Thursday, May 26, 2011

was nominated a committee member in SASSA today.
actually i feel glad that i was nominated but at the same time im worried that i will too busy and too stressed up for the work.
should i take up the post or leave it aside.

Wednesday, May 18, 2011

glad to know that its over
i can finally talk to u
and enjoy the things i miss the most
which is talking to u
i think of you every night before i sleep
hoping you to forgive me

Sunday, May 15, 2011

broken promises are the things that hurt the most
yet i've broken all the promises i made
im really sorry
please forgive me

Saturday, May 14, 2011

life is complicated. just when things got better i screwed up.

Friday, May 13, 2011

i hope you are proud cos im finally crying.

Thursday, May 12, 2011

and here i thought u were understanding.
friendships doesn't seem much to you but it does to me.
by doing so u really brought tears to me.

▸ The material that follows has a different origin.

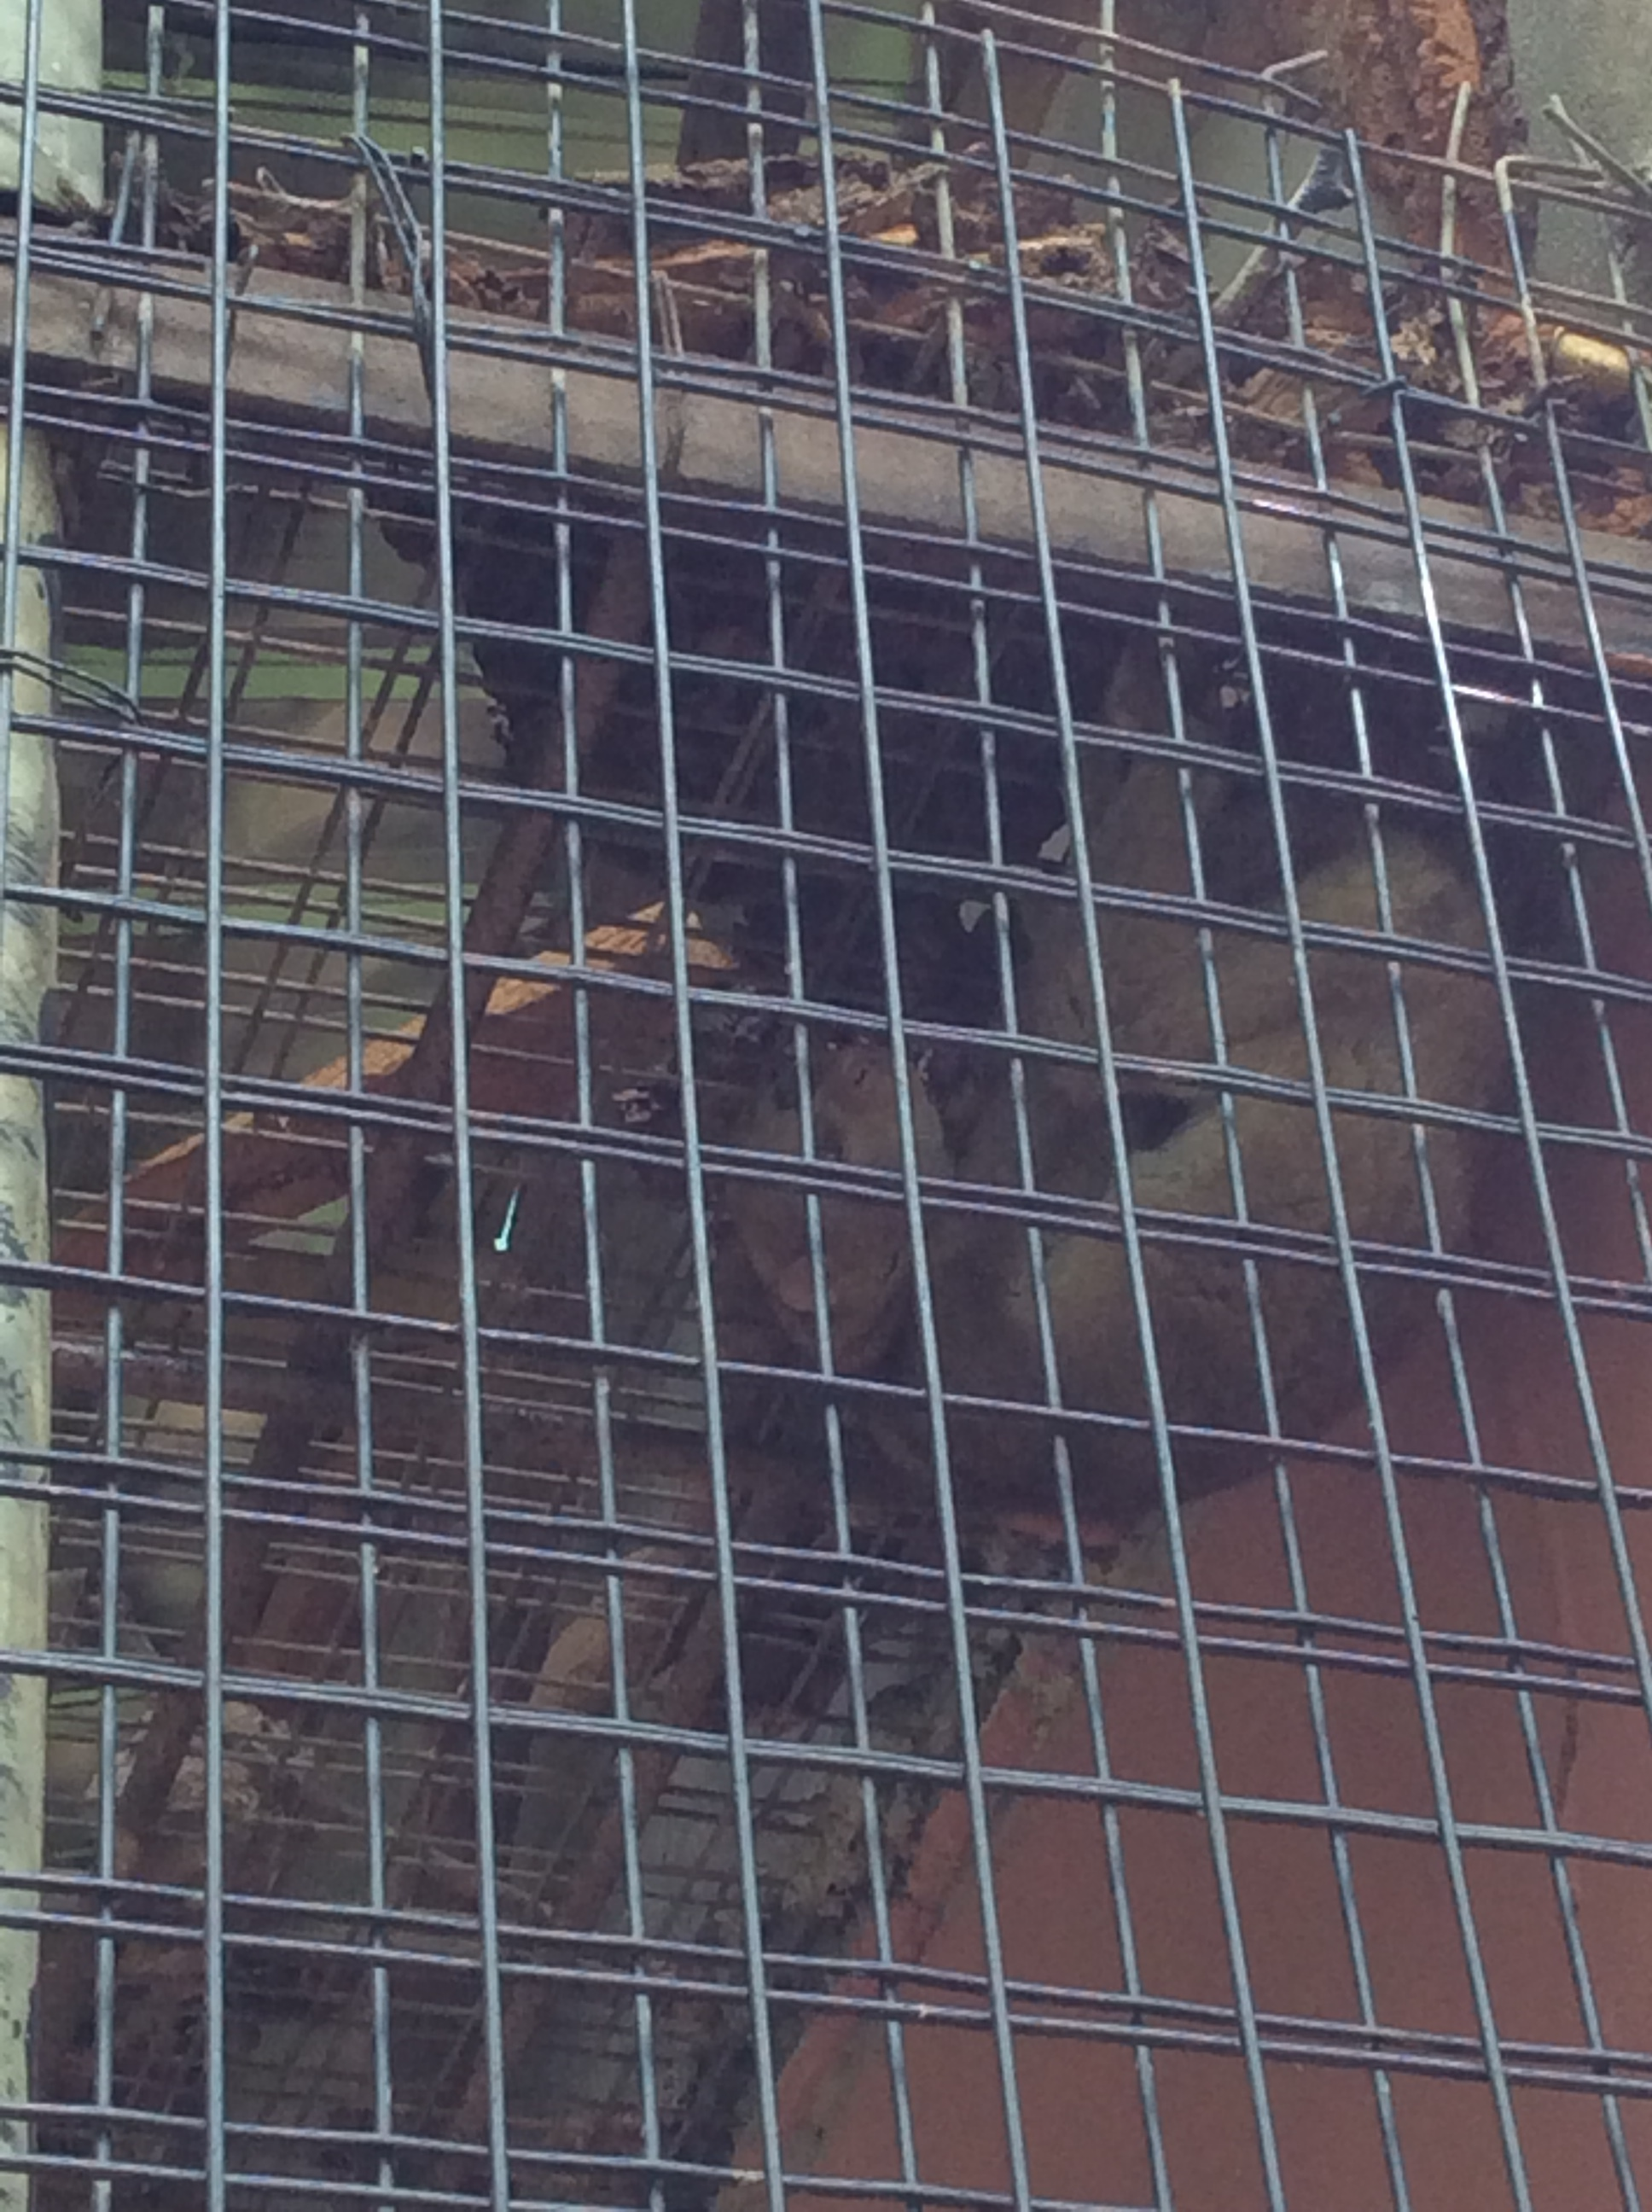 BUSH BABY ANIMAL IN THE ZOO | The Ajala Bug
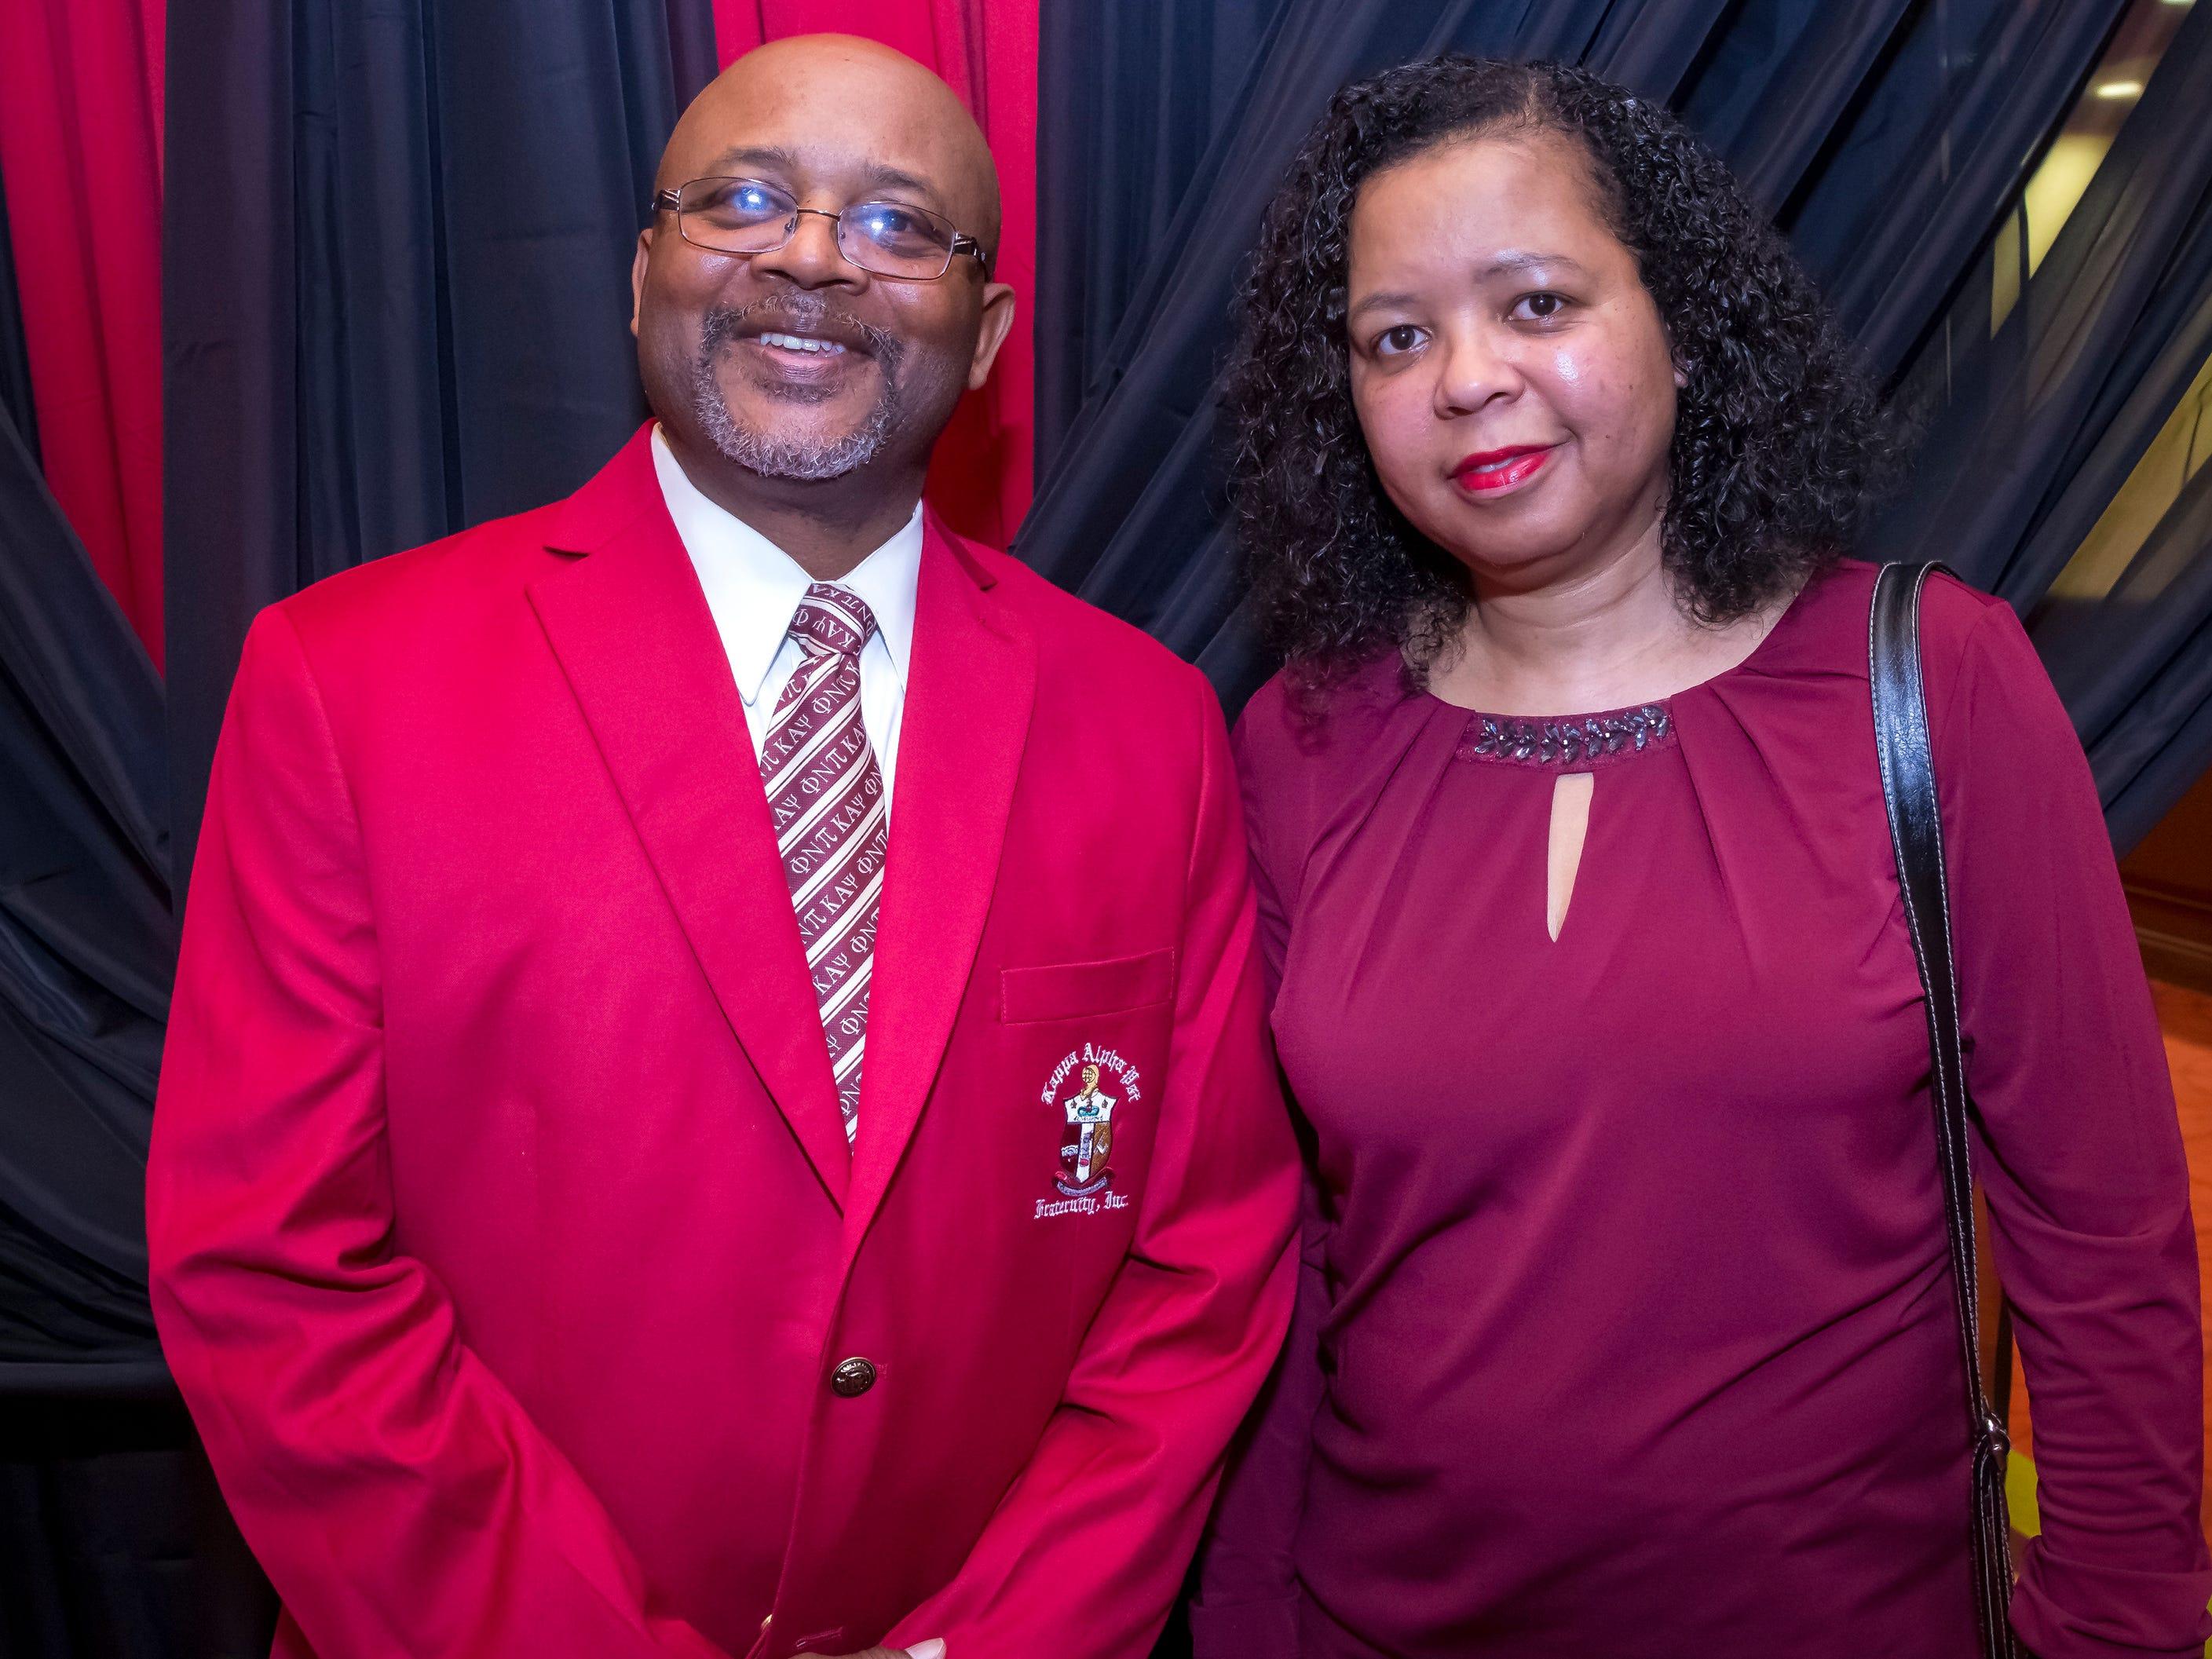 James and Marsha Robb at the Murfreesboro Alumni Chapter of Kappa Alpha Psi Fraternity Beautillion held at Embassy Suites.

relationships are fragile.
unknowingly, it can be broken by a simple act.
what's left of it is just regret.


Tuesday, May 10, 2011

today's lecture on nutrition and metabolism sux!
dun even understand a single thing that she is explaining or rather i dun even know she IS explaining.
just talking a bunch of crap that has no relation to watever we are studying.

Monday, May 9, 2011

i dun quite like the lecturer teaching nutrition and metobolism subject.
comparing the notes given by her with the once i got from michelle makes me wonder whether she is a good lecturer.
i feel the notes given by her is not sufficient for us to even pass our midterm.
and her teaching method is beyond what it expect.not in a good way that is

Saturday, May 7, 2011

life have its own challenges.
it's always hard to make a decision, even harder when it involves people.
especially the ones that you are close with.
im thinking of the decision i made.
did i made the right choice?
does this means that im selfish?
i've been staring at the ceiling last night for more than an hour.
thinking, reconsidering the choice i made.
if i were given another chance to deicide, what would i do?

Friday, May 6, 2011

Waste management's result is finally out!. thank god i passed the paper else i would freak out and start cursing him.
gave me one hell of a semester.
glad that i passed it but unsatisfied that it screwed up my cgpa

Thursday, May 5, 2011

just have this random feeling. what if i cant walk normally like i used to?
will it really happen?
how would it affect my life?
surgery?
clutch?

day 7, fourth treatment. i can finally stand and limp. might be going for class later one =)

Tuesday, May 3, 2011

day 5 , third treatment. can stretch my leg now. i wanna walk soon cos im missing lessons in class.

Monday, May 2, 2011

can stretch my leg slightly. still cant walk yet. feeling quite nervous

Sunday, May 1, 2011

went for another session of treatment today. hopefully i can walk tomorrow. fingers crossed!